Work to be completed: Could you quote, exactly as they stand, the lines running from the one with "Amazon FBA Warehouse." to the final line of the material?

Supplied data:

________________________

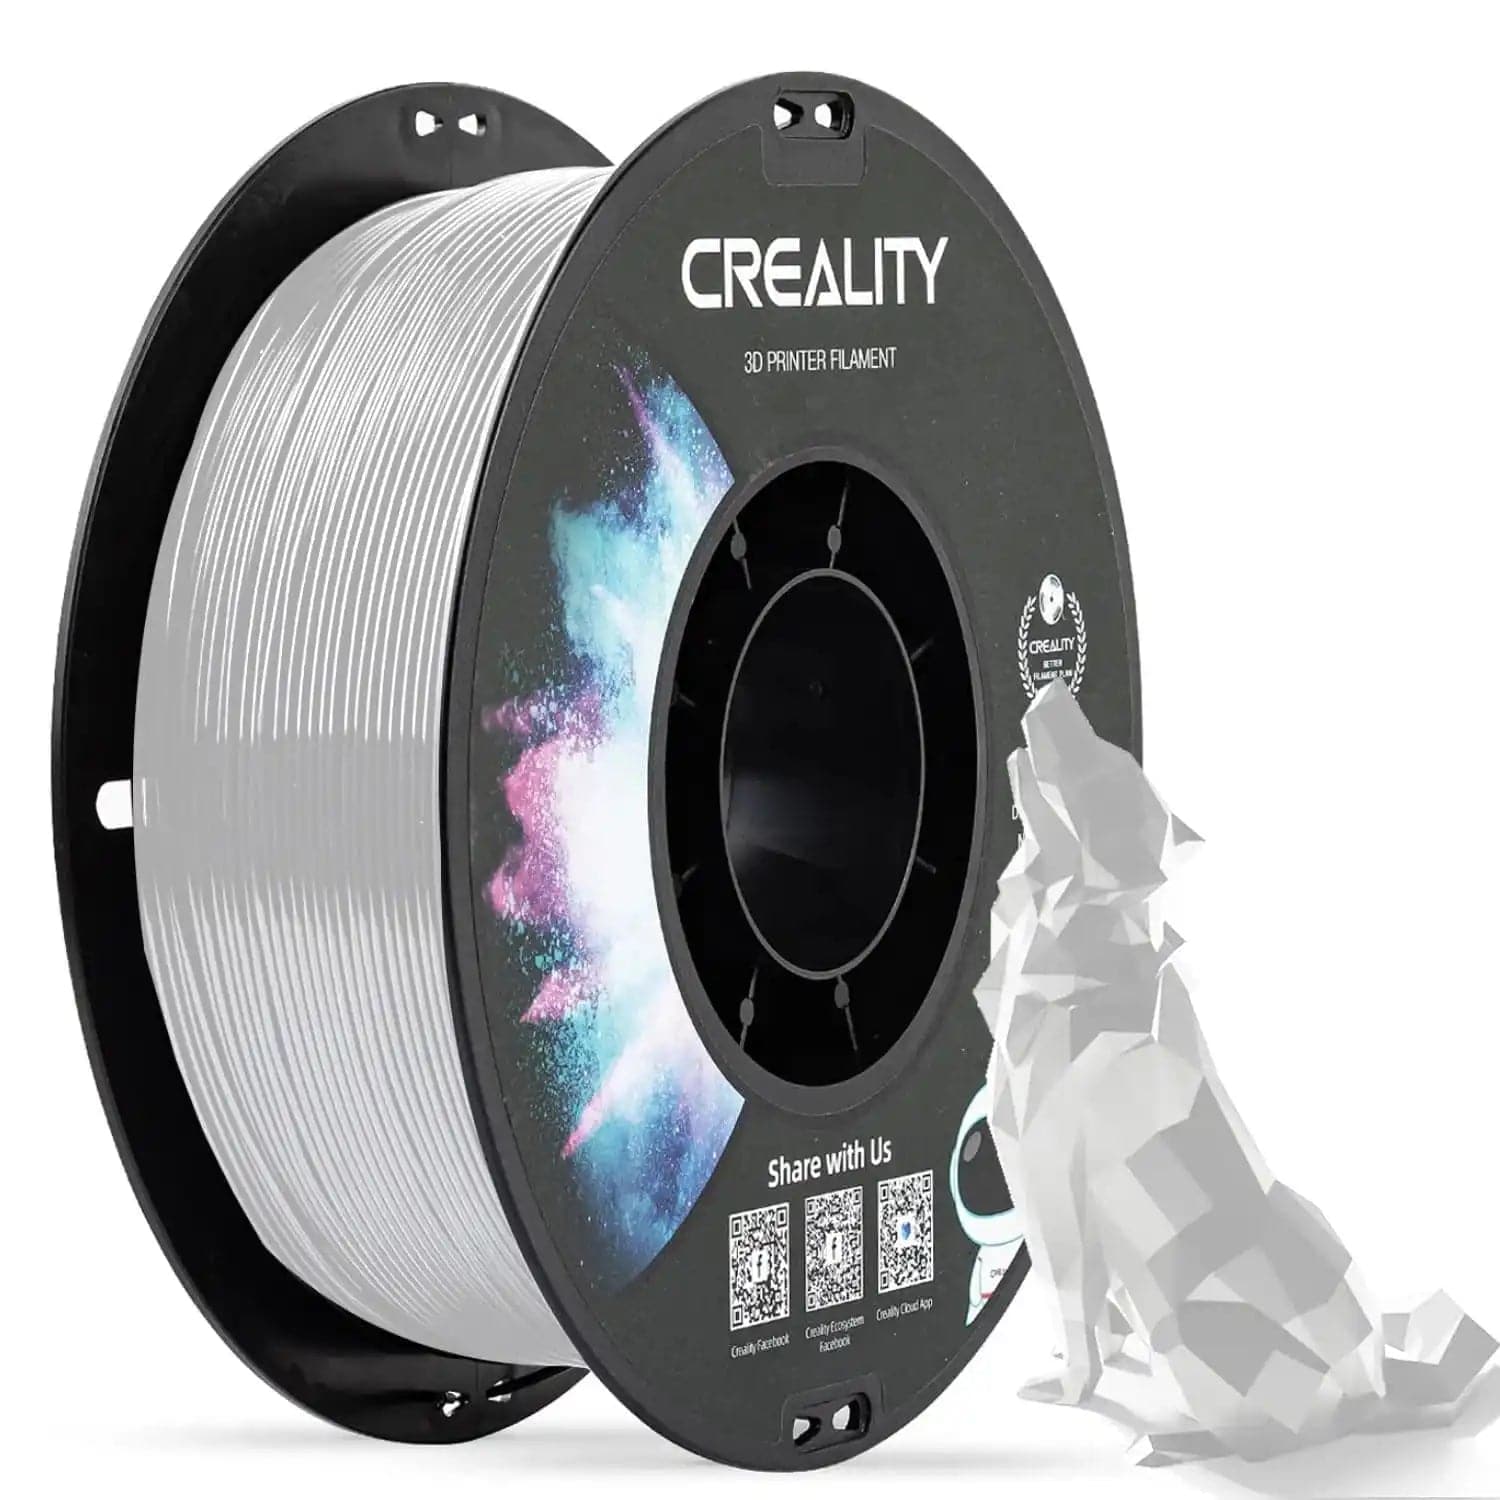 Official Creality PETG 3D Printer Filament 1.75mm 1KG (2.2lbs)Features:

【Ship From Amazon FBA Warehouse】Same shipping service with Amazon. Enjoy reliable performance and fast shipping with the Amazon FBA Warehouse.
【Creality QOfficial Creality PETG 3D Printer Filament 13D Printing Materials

________________________

Exercise response:
【Ship From Amazon FBA Warehouse】Same shipping service with Amazon. Enjoy reliable performance and fast shipping with the Amazon FBA Warehouse.
【Creality QOfficial Creality PETG 3D Printer Filament 13D Printing Materials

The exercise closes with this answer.